272,000+ repositories use LangChain

500+ integrations (models, vector stores, tools)

3,800+ contributors

Use alternatives instead:

LlamaIndex: RAG-focused, better for document Q&A

LangGraph: Complex stateful workflows, more control

Haystack: Production search pipelines

Semantic Kernel: Microsoft ecosystem

Quick start

Installation

# Core library (Python 3.10+)

pip install -U langchain

# With OpenAI

pip install langchain-openai

# With Anthropic

pip install langchain-anthropic

# Common extras

pip install langchain-community  # 500+ integrations

pip install langchain-chroma     # Vector store

Basic LLM usage

from langchain_anthropic import ChatAnthropic

# Initialize model

llm = ChatAnthropic(model="claude-sonnet-4-5-20250929")

# Simple completion

response = llm.invoke("Explain quantum computing in 2 sentences")

print(response.content)

Create an agent (ReAct pattern)

from langchain.agents import create_agent

from langchain_anthropic import ChatAnthropic

# Define tools

def get_weather(city: str) -> str:

    """Get current weather for a city."""

    return f"It's sunny in {city}, 72°F"

def search_web(query: str) -> str:

    """Search the web for information."""

    return f"Search results for: {query}"

# Create agent (<10 lines!)

agent = create_agent(

    model=ChatAnthropic(model="claude-sonnet-4-5-20250929"),

    tools=[get_weather, search_web],

    system_prompt="You are a helpful assistant. Use tools when needed."

)

# Run agent

result = agent.invoke({"messages": [{"role": "user", "content": "What's the weather in Paris?"}]})
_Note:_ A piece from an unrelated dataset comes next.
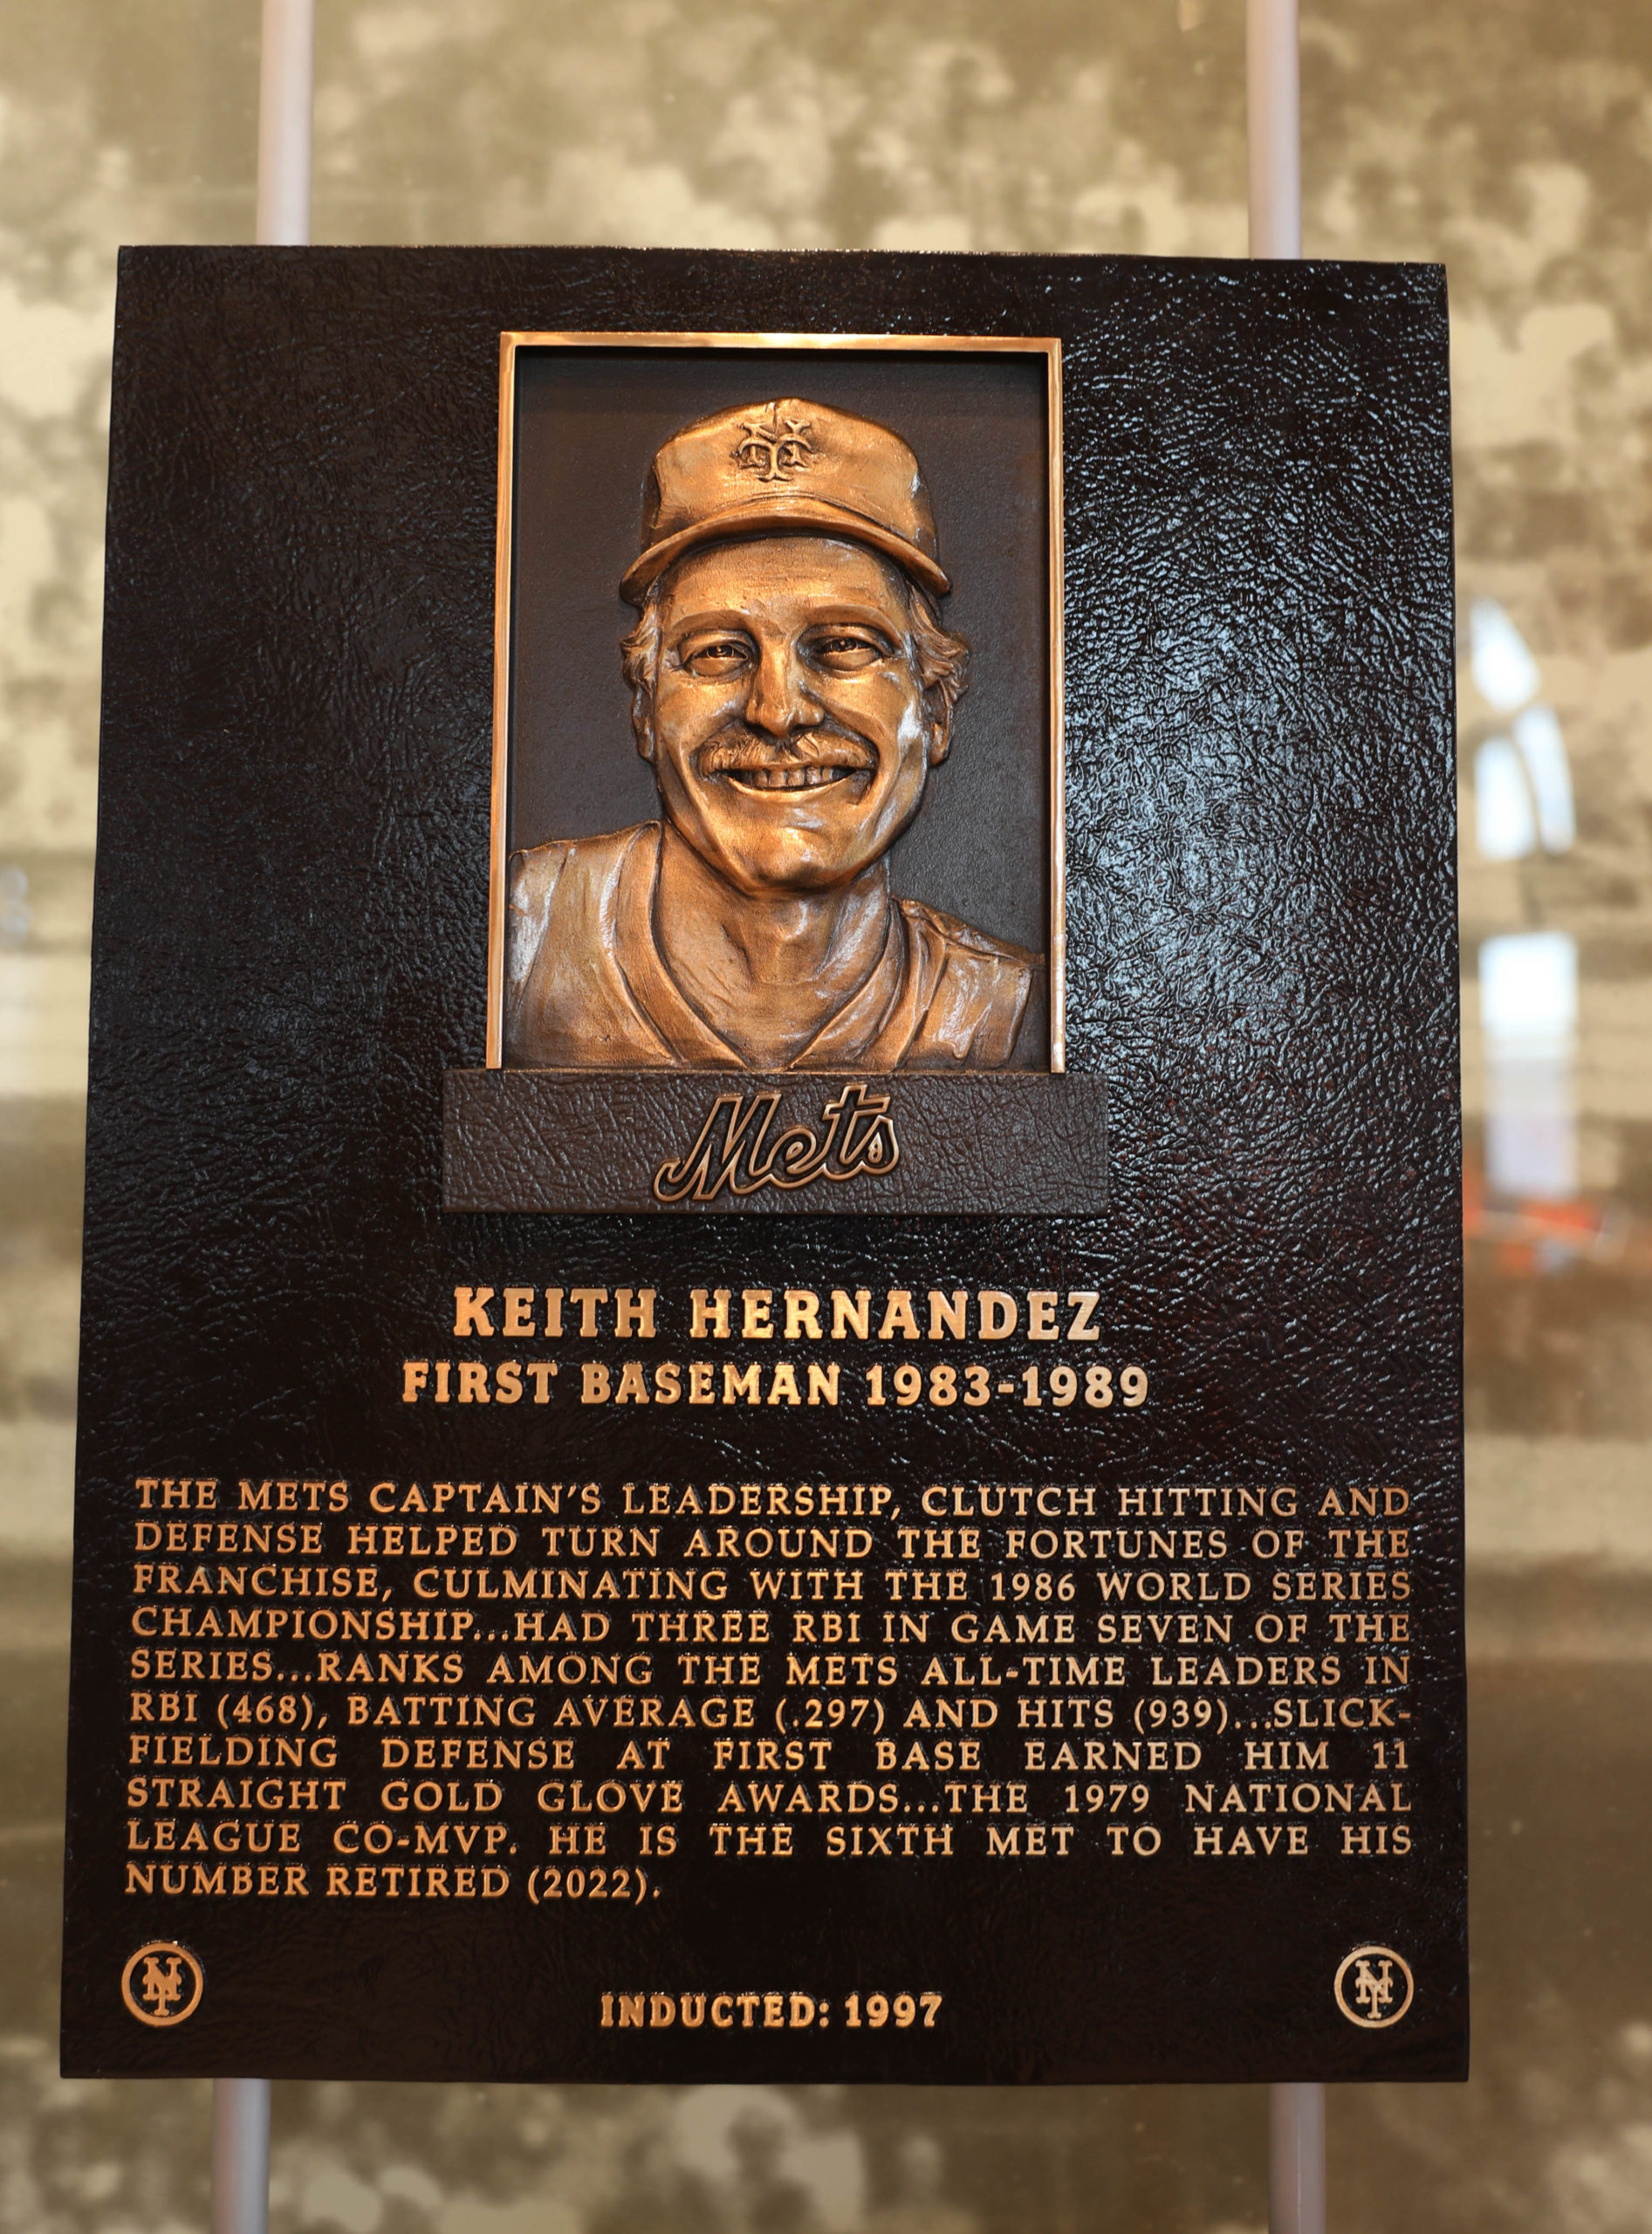 The Hall of Fame case for Cardinals, Mets legend Keith Hernandez

print(result["messages"][-1].content)

Core concepts

1. Models - LLM abstraction

from langchain_openai import ChatOpenAI

from langchain_anthropic import ChatAnthropic

from langchain_google_genai import ChatGoogleGenerativeAI

# Swap providers easily

llm = ChatOpenAI(model="gpt-4o")

llm = ChatAnthropic(model="claude-sonnet-4-5-20250929")
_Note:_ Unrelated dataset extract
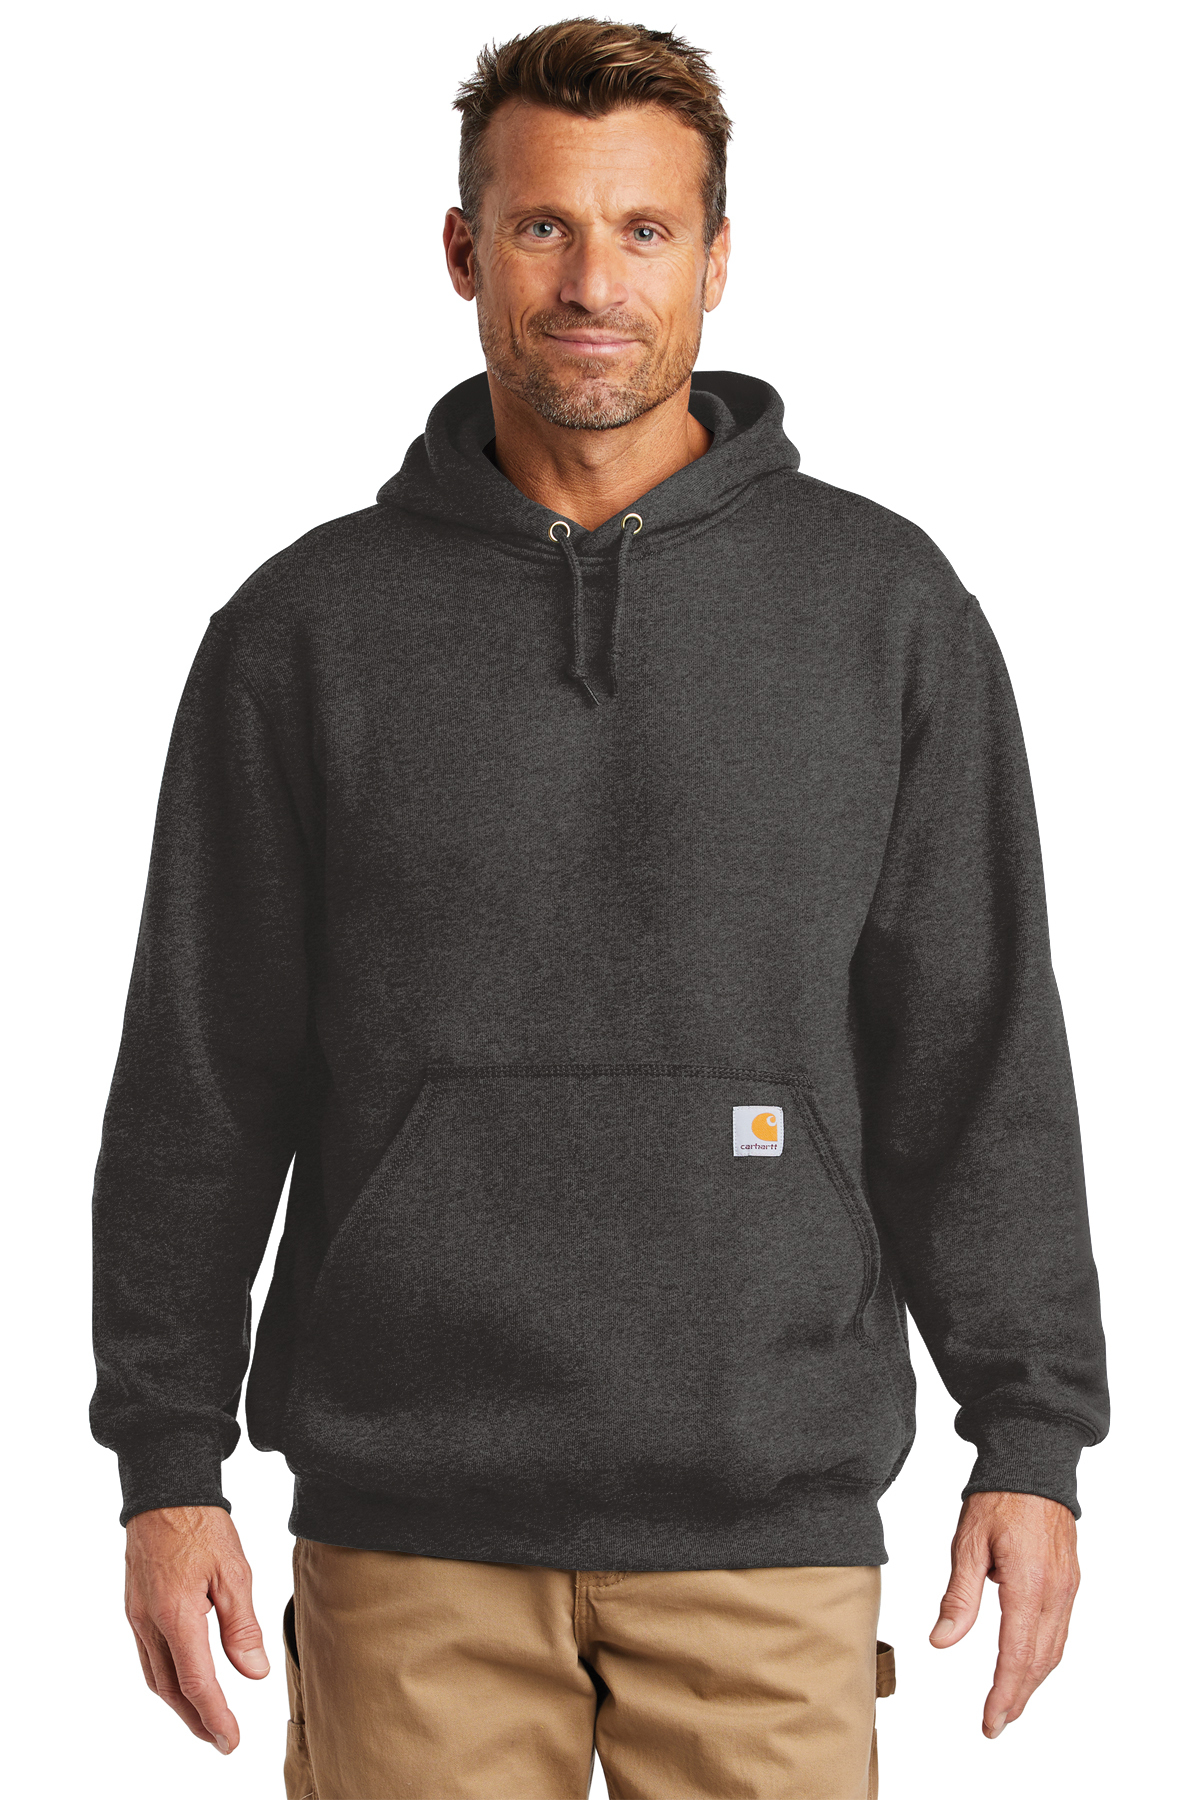 Carhartt Tall Midweight Hooded Sweatshirt | Product | SanMar

llm = ChatGoogleGenerativeAI(model="gemini-2.0-flash-exp")

# Streaming

for chunk in llm.stream("Write a poem"):

    print(chunk.content, end="", flush=True)
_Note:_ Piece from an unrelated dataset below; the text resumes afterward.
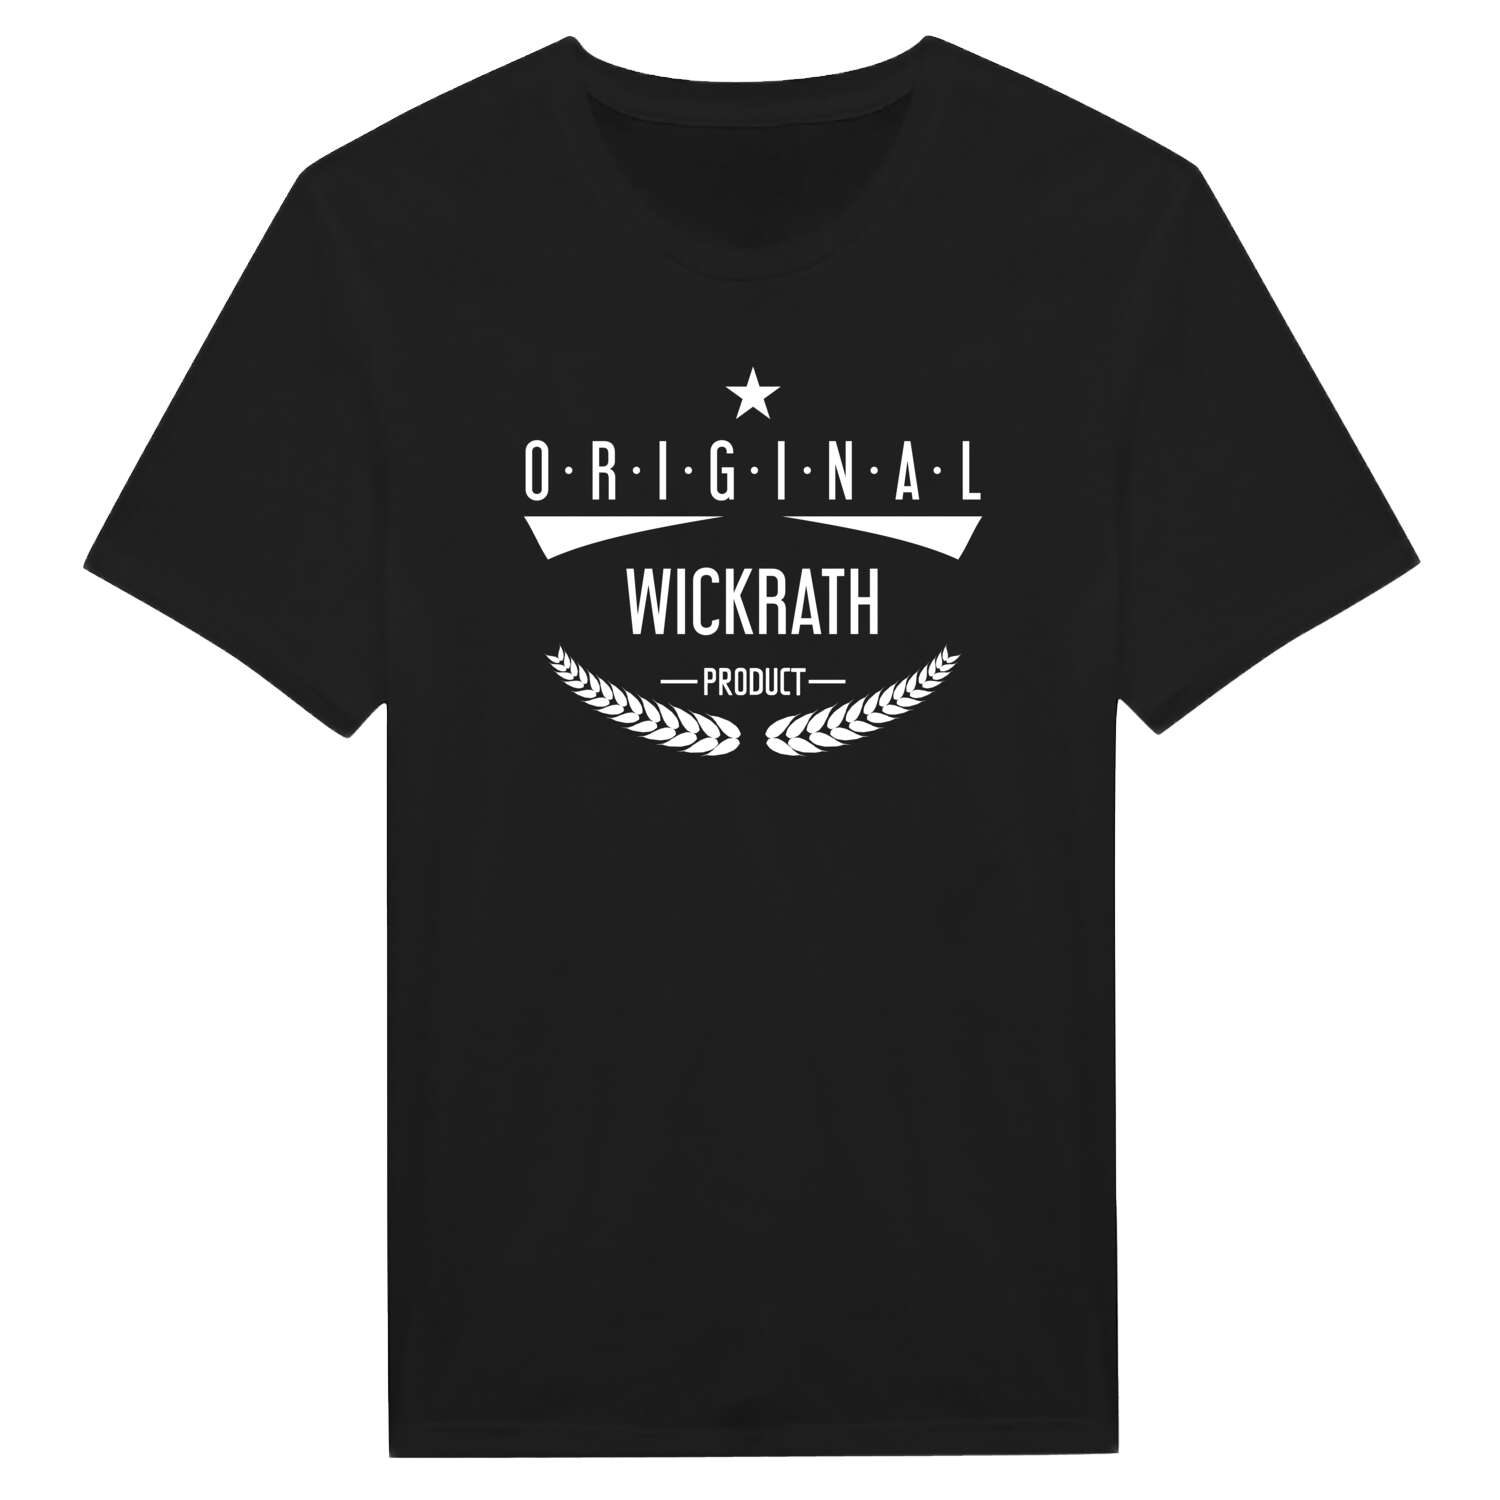 Wickrath T-Shirt »Original Product«

2. Chains - Sequential operations

from langchain.chains import LLMChain

from langchain.prompts import PromptTemplate

# Define prompt template

prompt = PromptTemplate(

    input_variables=["topic"],

    template="Write a 3-sentence summary about {topic}"

)

# Create chain

chain = LLMChain(llm=llm, prompt=prompt)

# Run chain

result = chain.run(topic="machine learning")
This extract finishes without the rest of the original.